The restaurant restored us. It was packed with upscale couples and celebratory groups. If these people were worried what a President Trump would do to Mexico’s economy, they sure weren’t in mourning. 

 “We’ll see,” our Uber driver, Raziel, said to us that evening. Raziel, like most of the people we met in TJ, spoke perfect English and had a life on both sides of the border. He was getting his MBA in international business. Ending NAFTA could hurt the medical parts company he worked for during the day, but he didn’t see it happening.

 “It benefits both sides,” he said. “Trump will see.”

 “And what about the wall?” I asked.

 “I don’t care. I have a green card,” Raziel said. “But we’re not paying.”

Raziel dropped us off at La Mezcalera, a smoke-free, mellow bar that serves all things mezcal. Backlit religious icons adorned the wall. With no squinting at all, you could be at a Williamsburg or Echo Park hipster hangout. 

The next day, we took in a little news at a time, titrated, to ease our re-entry. Trump already had backed down from “a wall” and was now talking about “fencing.”

Things were looking up, or at least we were feeling better.

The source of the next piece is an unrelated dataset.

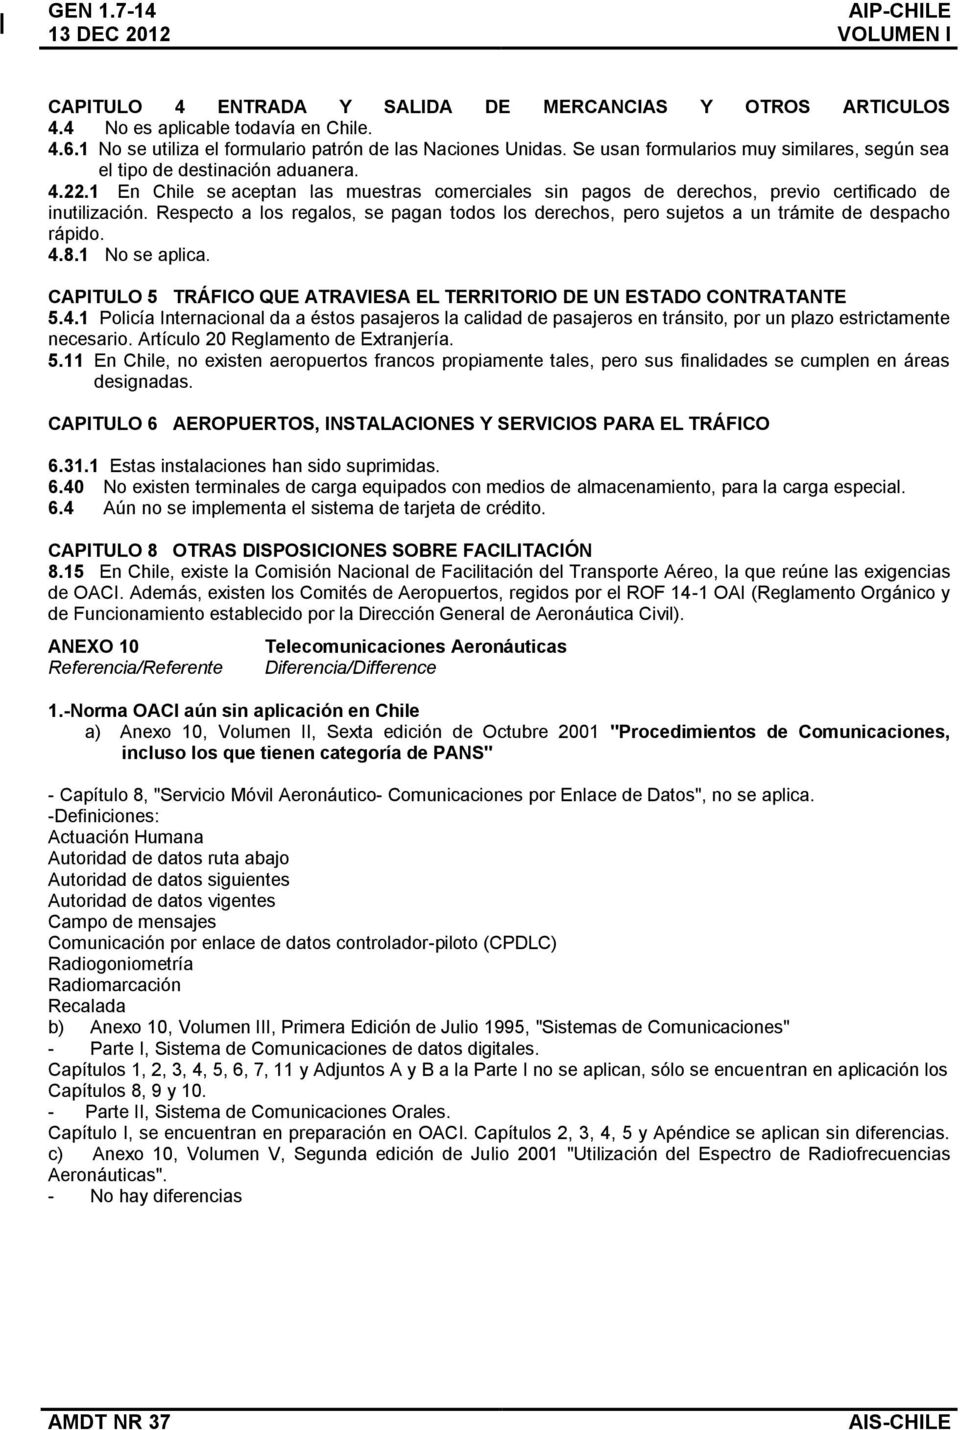 1 En Chile se aceptan las muestras comerciales sin pagos de derechos, previo certificado de inutilización.

We stopped for coffee at a La Stazione Café, ground zero of the artsy crowd. Inside, a mural proclaimed the store motto: “Coffee Is Hope.” We had two shots of hope.

We headed south for a half-hour, one last meal, at Puerto Nuevo. It was a stunning, warm day, the ocean a vast blue swirl beneath us. The Angel del Mar restaurant was full — at 11: 30 — with families drinking those micheladas, eating giant spiny lobsters or whole fried snapper with rice and beans. Mariachis played, and the couple next to us got up and began dancing. 

We toasted them, and toasted love, and toasted life, and crossed back home.